The severe head injured patient who showed high levels of ICP was treated with Mannitol infusion as seen in Figure 29D. The infused bolus led to a clear decrease in ICP associated with a large increase of CBF and a beneficial effect on tissue oxygenation state (oxidation of NADH) [99, 100, 101, 102, 103, 104, 105, 106, 107, 108, 109].
Discussion and Future perspectives
(Figure 31) [16] presents, in a schematic way, the relationship between various physiological parameters monitored in vivo under different experimental perturbations. The upper two factors (left side), namely, systemic hypoxia and cerebral ischemia affect the availability of oxygen so that energy metabolism is inhibited (blue arrows). The other two perturbations shown are cortical spreading depression and epileptic activity that induced cortical depolarization (purple arrows). All four perturbations are affecting the same type of processes in the brain such as CBF, NADH and extracellular levels but in the opposite direction as seen in the scheme. Under hypoxia and ischemia, the production of ATP by the mitochondria is decreased and becomes a limiting factor in the system. Due to the inhibition of the ionic pumps, the ionic homeostasis is disrupted, and hypoxic or ischemic cortical depolarization is developed[110, 111, 112, 113, 114, 115, 116, 117, 118, 119, 120, 121, 122, 123, 124, 125, 126, 127, 128, 129, 130]. The end points of this process are changes in the electrical activities recorded as a depression of the ECoG and a negative shift in the DC steady potential. In addition, due to the depolarization event the extracellular potassium is elevated. If this situation persists for more than a few minutes, irreversible damage to the cortex may develop.

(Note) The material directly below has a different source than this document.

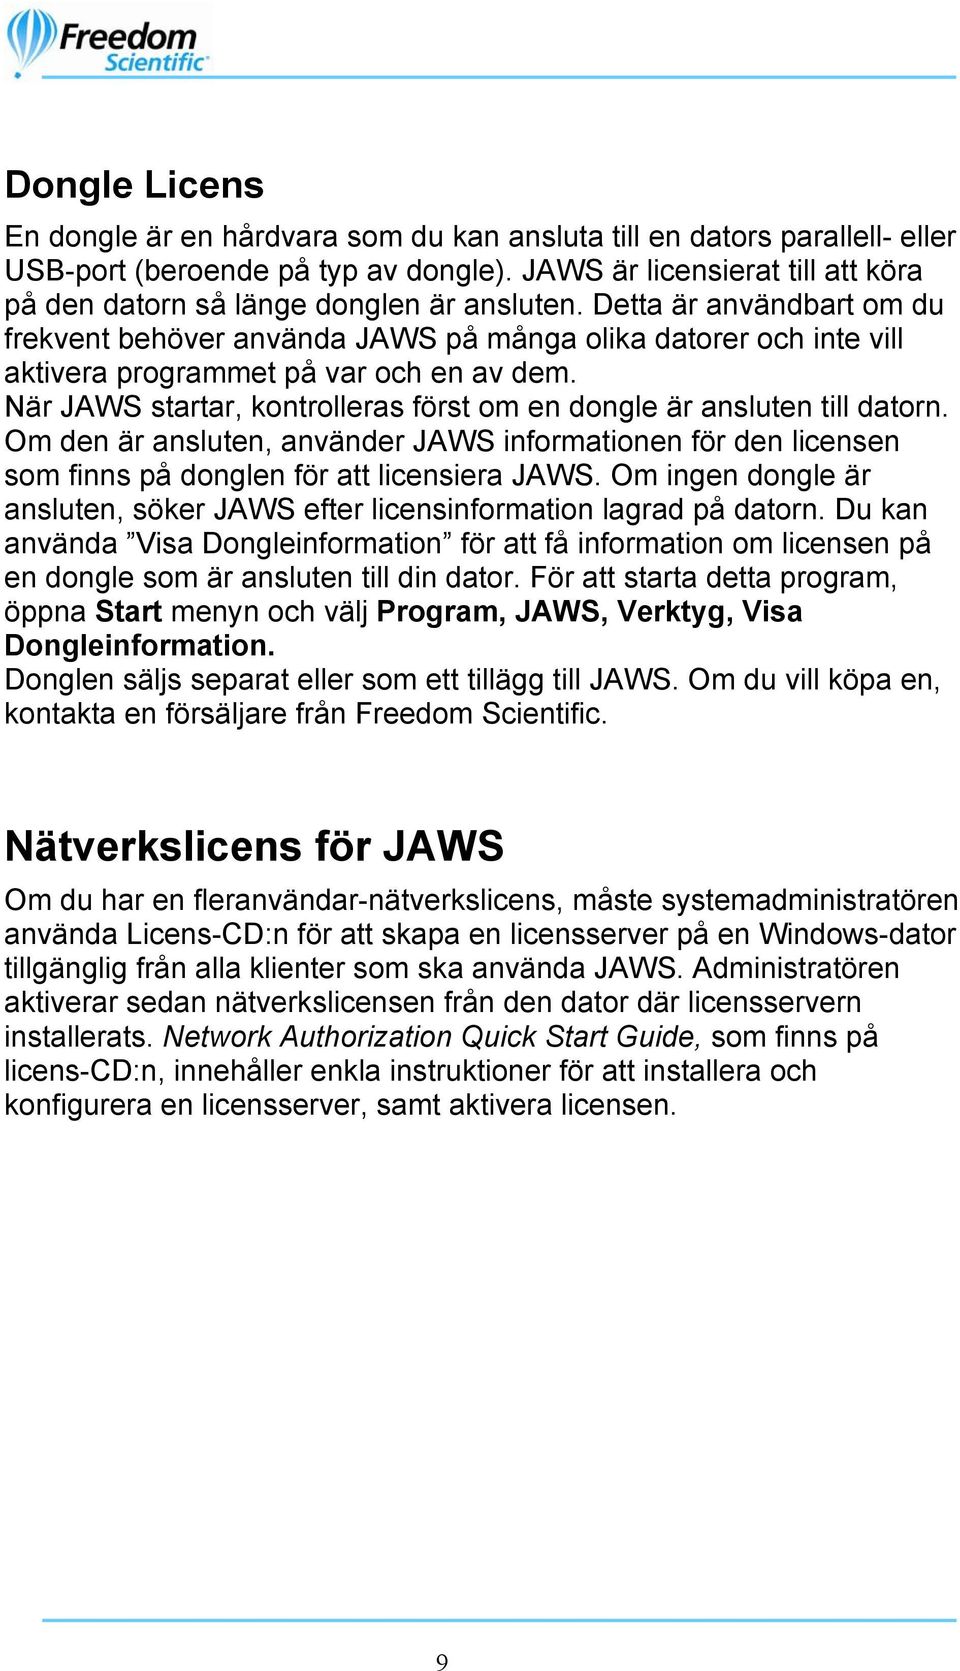 Detta är användbart om du frekvent behöver använda JAWS på många olika datorer och inte vill aktivera programmet på var och en av dem.

When the brain is activated by CSD or epileptic activity (lower left side) the events will propagate toward the activation of the brain and energy consumption is increased (purple arrows) [131-149]. The coupling between the two pathological events is clear and manifested by the electrical activity (ECoG) as well as extracellular K+ levels and NADH redox state. During the epileptic stage, extracellular potassium increased and started to recover to the baseline, but then a larger elevation was recorded. There is a clear correlation between the various parameters during epilepsy and CSD. The decrease in NADH was smaller during the first stage, followed by an oxidation cycle typical for CSD [150, 151, 152, 153, 154, 155, 156, 157, 158, 159, 160, 161, 162, 163, 164, 165, 166, 167, 168, 169, 170, 171, 172, 173, 174, 175, 176, 177, 178, 179, 180, 181, 182, 183, 184, 185, 186, 187, 188, 189, 190, 191, 192, 193, 194, 195, 196, 197, 198].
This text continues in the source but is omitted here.